In general, HBV vaccine-derived immunity was found to be more prevalent among younger participants, who were born closer to the introduction of HBV childhood vaccine recommendations in the United States. Current drug use was the risk factor most correlated with vaccine-derived immunity (Table 5). More details on the analysis can be found in Supplementary Tables S1–S3.
A total of 439 (88.2%) returned to receive their test results in person from study staff, and, by the conclusion of the study, 10 participants had received the first dose of the HBV vaccine from health department staff, representing 7.9% of those susceptible and 2% of the total study population.

4. Discussion

The rates of current HBV infection in this study were nearly three times greater than those in the general US population. A recent meta-analysis by Wong et al. estimating the prevalence of hepatitis delta infection among adults in the United States in 2022 found an approximate HDV prevalence rate of 3.8% among those living with chronic hepatitis B, a group mainly composed of immigrants [20]. Thus, the observed HDV prevalence rate of 10% found in this study is substantially higher than in the general United States population.
The risk factors found to be associated with positive HBV status in this study included a history of incarceration, which was associated with the presence of HBsAg, and experiences with homelessness and transactional sexual encounters, which were associated with the presence of HBcAb. Previous literature examining risk factors associated with HBV and HDV status has demonstrated HDV antibody prevalence among PWUD to be positively associated with a longer duration of drug use and resolved hepatitis C (HCV) infection. In one study, PWUD participants who were living with HBcAb were approximately eight times more likely to have an HDV infection if they had a resolved HCV infection than if they were living with chronic HCV. For those testing positive for HBsAg, this difference was twofold [9]. Given the relationship found between positive HBV status and a history of incarceration, findings from this study underscore the importance of viral hepatitis care and prevention within the penal system. The importance of providing vaccines in correctional settings is also evident, given the high proportion of study participants who had previously been incarcerated, and it is critical to incorporate robust vaccination efforts into overall hepatitis B elimination planning.
Because hepatitis B and delta testing require a venous blood draw, the need for a skilled phlebotomist to perform these was essential to the success of this study. Other research has also found the need for venipuncture to be a barrier to performing hepatitis B screening among PWUD, as many members of this community often avoid blood tests due to pain and difficulty [21,22,23]. This demonstrates the value of a hepatitis B and delta point-of-care test, particularly in high-risk settings. Such a test has not yet been approved for use in the United States. Use of a point-of-care test would not only eliminate the discomfort and hardship associated with obtaining blood samples via venous draw but would also allow for much more rapid delivery of results and immediate connection to vaccination or appropriate care, thus significantly reducing the risk of loss to follow-up. Additionally, point-of-care testing would help to mitigate other challenges that presently impede screening in this population, including the need for a physician order and an established relationship with a commercial laboratory. The lack of a point-of-care test only exacerbates the serious problem of missed opportunities to identify individuals living with and susceptible to hepatitis B and delta, thus making effective management of these viruses at the individual and population levels that much more challenging.

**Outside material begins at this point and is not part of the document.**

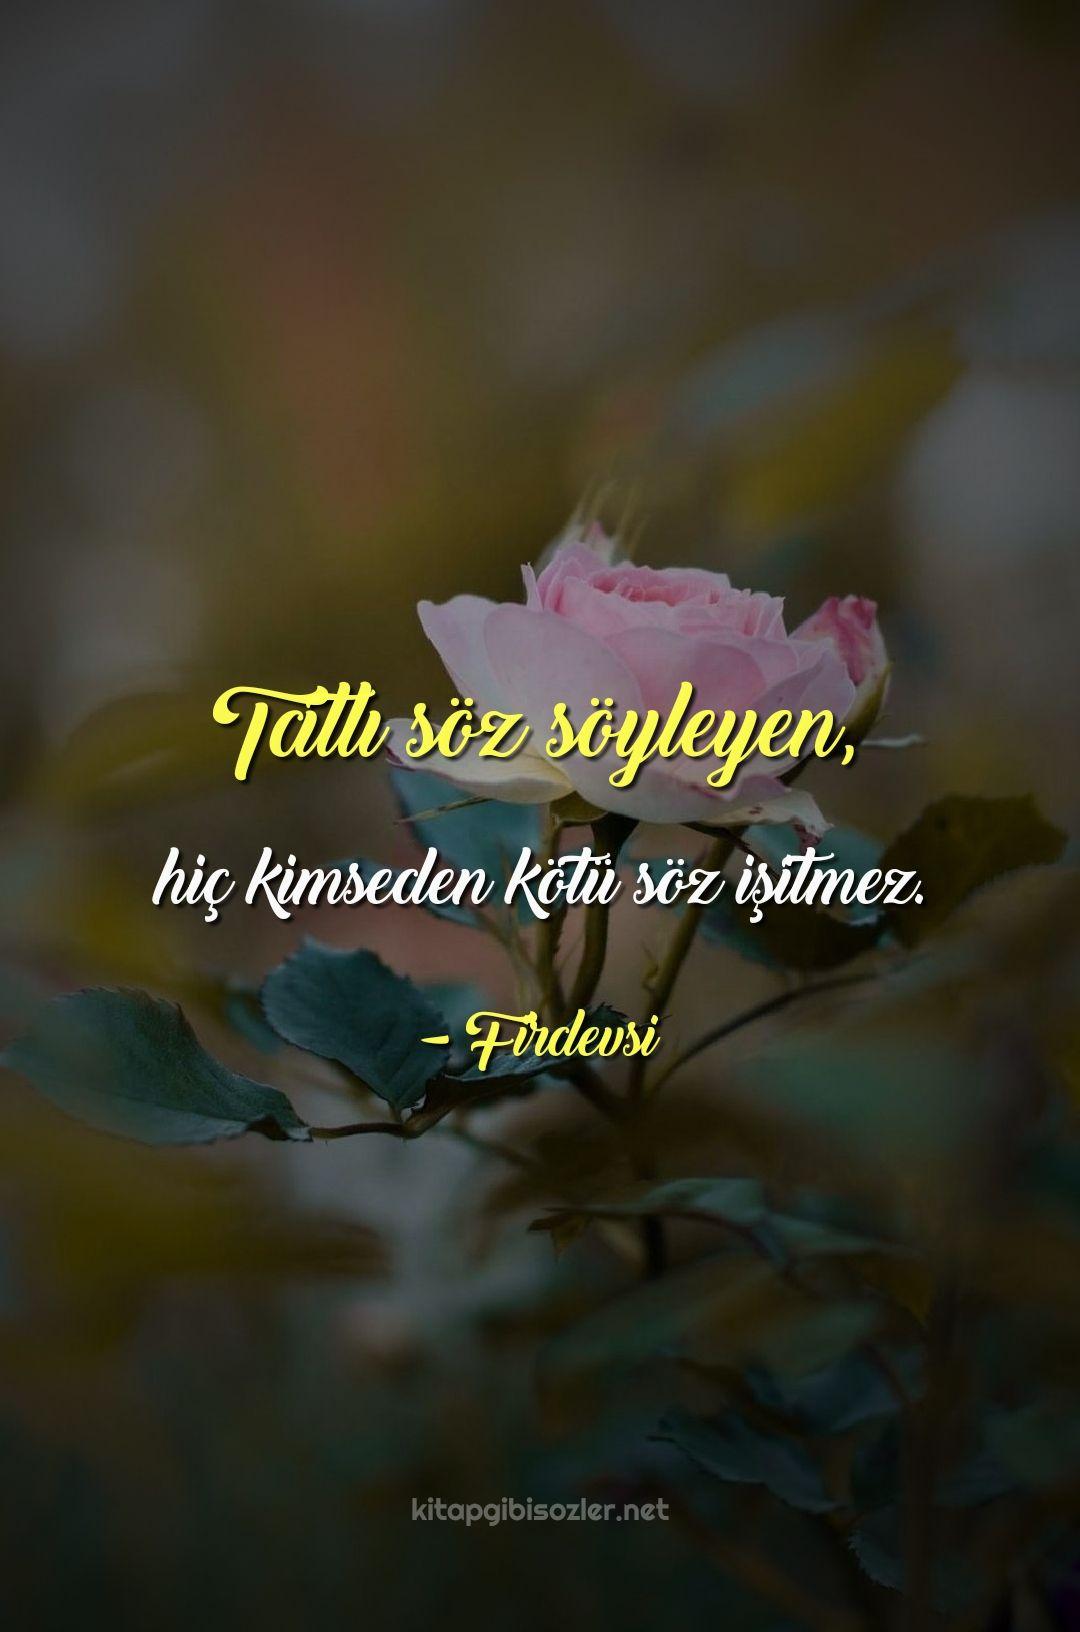 Tatli Soz Soyleyen Hic Kimseden Kotu Soz Isitmez Firdevsi Meaning Of Love Words Word Of The Day

The timely, in-person delivery of test results to participants in this study proved to be highly effective in increasing levels of follow-up and linkage to vaccination. Similar initiatives that included single-visit test-and-treat models of care delivery for hepatitis C in other settings have also found success [24]. Although a return visit was needed for the delivery of results following blood sample collection, this study demonstrated the effectiveness of offering incentives to encourage participants to come back for results and counseling. Directing individuals who were susceptible to HBV to receive first-dose vaccines on-site in parallel with the reception of results was also an effective practice. For the approximately 11% of participants who did not return for test results, effectively communicating results proved to be challenging as many participants did not have updated contact information. Linkage to appropriate care also proved to be difficult in this context. Although every effort was made by study staff to connect participants to needed care, a number of obstacles impeded the achievement of this goal, including the need for participants to meet certain criteria to be eligible to see the infectious disease specialist on-site at the HRO and the challenging logistics involved with making and keeping specialist appointments, which were often located in geographically distant parts of the city. Maintaining contact with this very transient community is also an ongoing challenge, as mentioned above. Additionally, physical health was of low importance for most participants and was superseded by other needs perceived to be more pressing, including housing, food, and avoidance of withdrawal, a finding also demonstrated in previous literature [25].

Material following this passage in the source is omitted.